George D: walks in late and being the delirious person, sits in the completely wrong seat.
Ms. Arney: "Are you George?"
G:"Yes..."
MA:"You don't sit there George..."
G:*blush* "Oh Okay."
Time passes by in the class and eventually Ms. Arney makes a comment about Kevin Finer.
G:*Snickers*
MA:(With the wrath of God)"You were late, correct?"
G:"..........Yes"
MA:"Than I wouldn't be laughing..."

Thanks for a truely mortifying experience Ms. Arney. lol. :)

Anonymous said...

By the way this is Maggie...i could figure out how to make my name come up so yah....anyway

during our discussion of the scarlet ibis.....

Ms. Arney: So honestly what did you guys think of the story?

Maggie:Honetsly...you thought Doodle would die in the first 3 lines then he begins to have some hope and then he heart BLOWS UP! its like he was walking up a mountain and almost makes it but as soon as you think he will succeed...he falls off the cliff and dies.

Thanks Ms. Arney for introducing me to the most depressing story i've ever read.=)

Anonymous said...

(Are these in third person or what?)

(After some sort of grammar mistake)
Ms. A.: Kevin, stand up and during.
Kevin stands up, turns chair over, and puts one leg up on it, with arms outstretched.

(And more recently while explaining the superego)
Ms. A: So if you're hungry, why don't you just walk down to the cafeteria?
Joe H: Because if we do then you'll kill us.
Kevin Finer (either in an incredibly genius or idiotic move) stands up and walks to Ms. A and says, "Please excuse me." Waits a few seconds, "No, forget excuse me." and walks around.

Miss Arney said...

Miss A: "OK, Brian: what is the unholy trinity of demons? The mneumonic is LAB."
Brian: "Um...Beelzebub, Lucifer....and....um....Arney?" [stands up, does a snap with a twist, and sits down]

Miss Arney said...

After seeing another Amazon blogger describe an English 9H novel as "boaring", Kevin F exclaims: "This person HAD to be in your class!"

Miss Arney said...

Driving Mrs.

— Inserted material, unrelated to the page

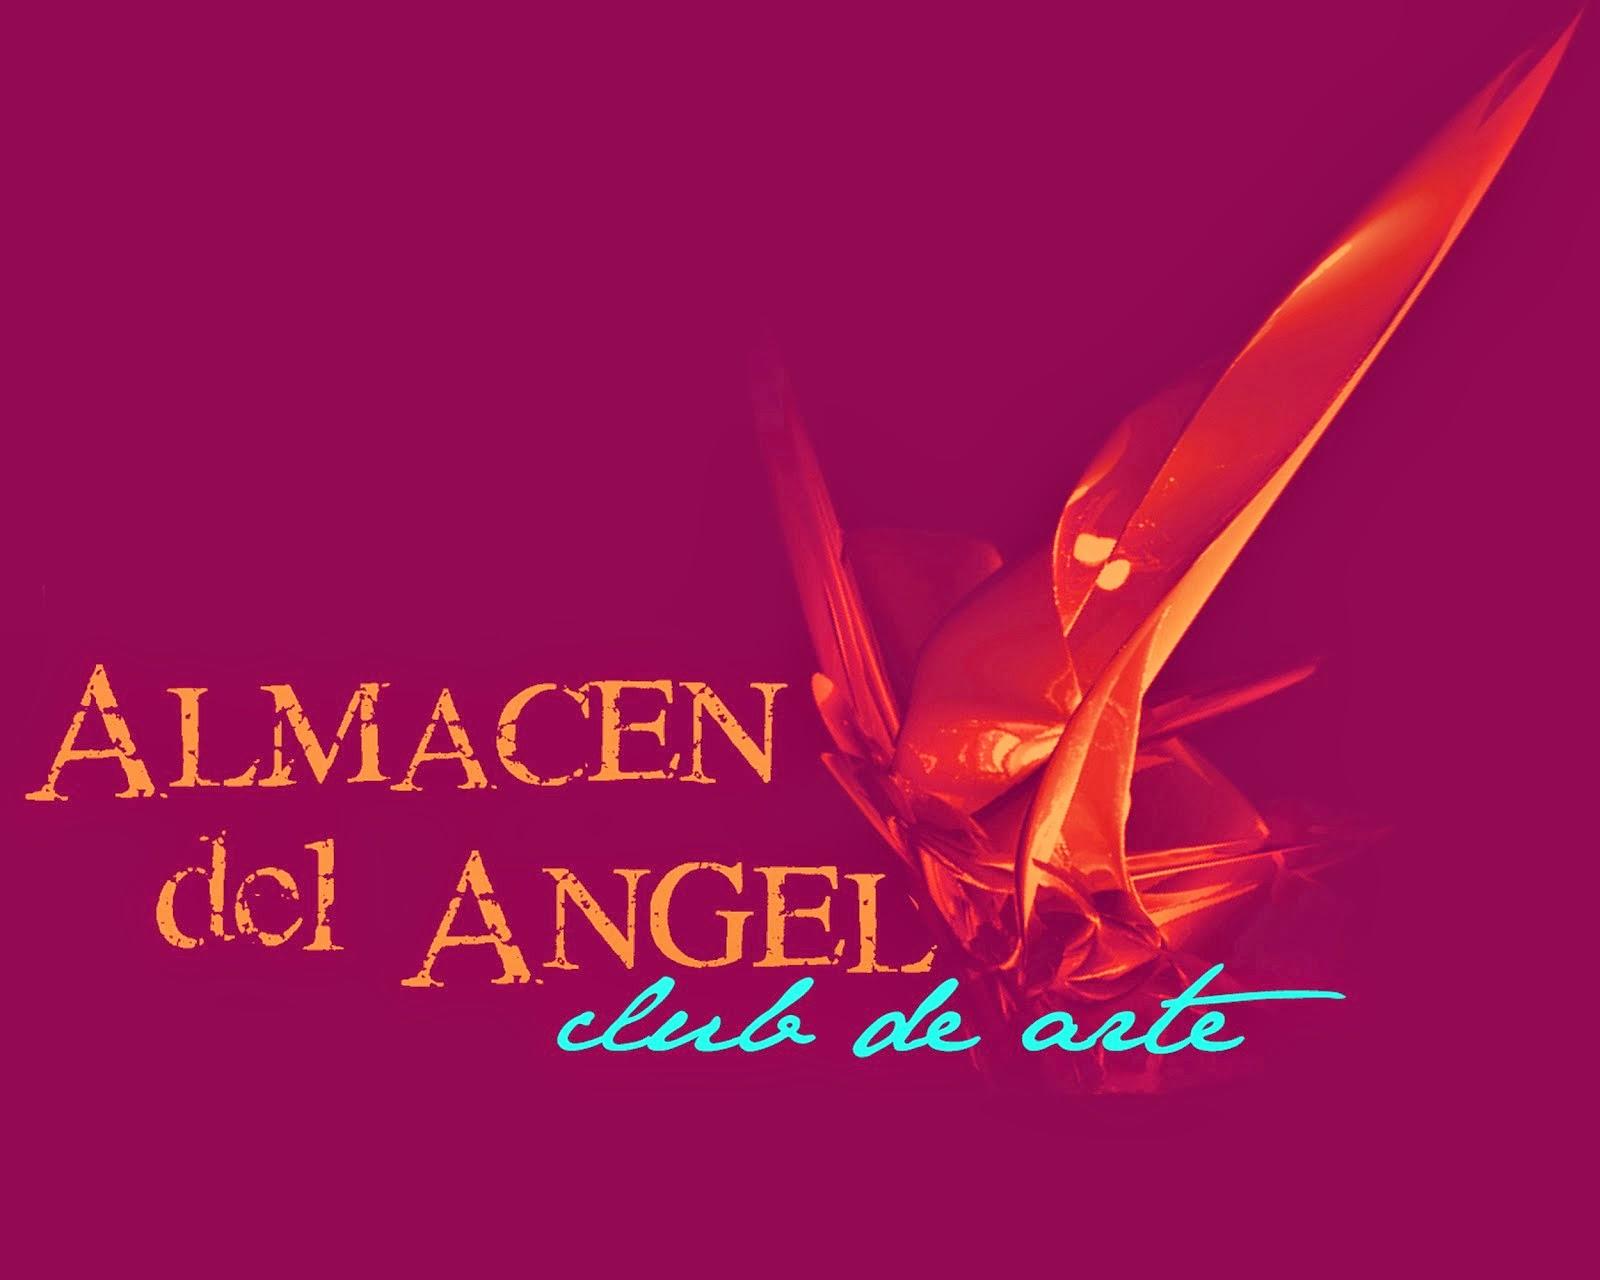 Almacén del Ángel -club de arte-

Rettino crazy with the frog-whip pens

Miss Arney said...

Kevin F naming his children WILFRED, boy or girl!

The RAP RAP RAP story

Anonymous said...

its maggie again....
i still cant master ho wto write my name but it was a moment during our discussion of the "CONJURE" scene in Romeo and Juilet.

Miss Arney: I am not explaining this further but to conjure he means to raise up...
Chris Spad: Wait.....WOAH!
Maggie:Well I didn't see that one coming!
K-Fine:Wow Shakespere was a perv?!
Geogre:So I guess this is kind of like Elizabethian Porn?

LOL Geogre thanks for that unforgettable experience and MIss Arney thank you for those hilarious reactions.

Anonymous said...

Miss Arney: What's an example of something that's good but toxic?

Kevin: Marijuana?

Anonymous said...

Kerry naming her daughter Jane just to annoy Maggie!

K-fine hacking Ms. Arney's website

Ms. Arney's whacking stick!

Me and Ambika's yearbook Project

K-fine and his bubble

there are so many!!!

Anonymous said...

When me and regina were dancing around in our seats and Ms. Arney only saw Regina! haha. poor Regina!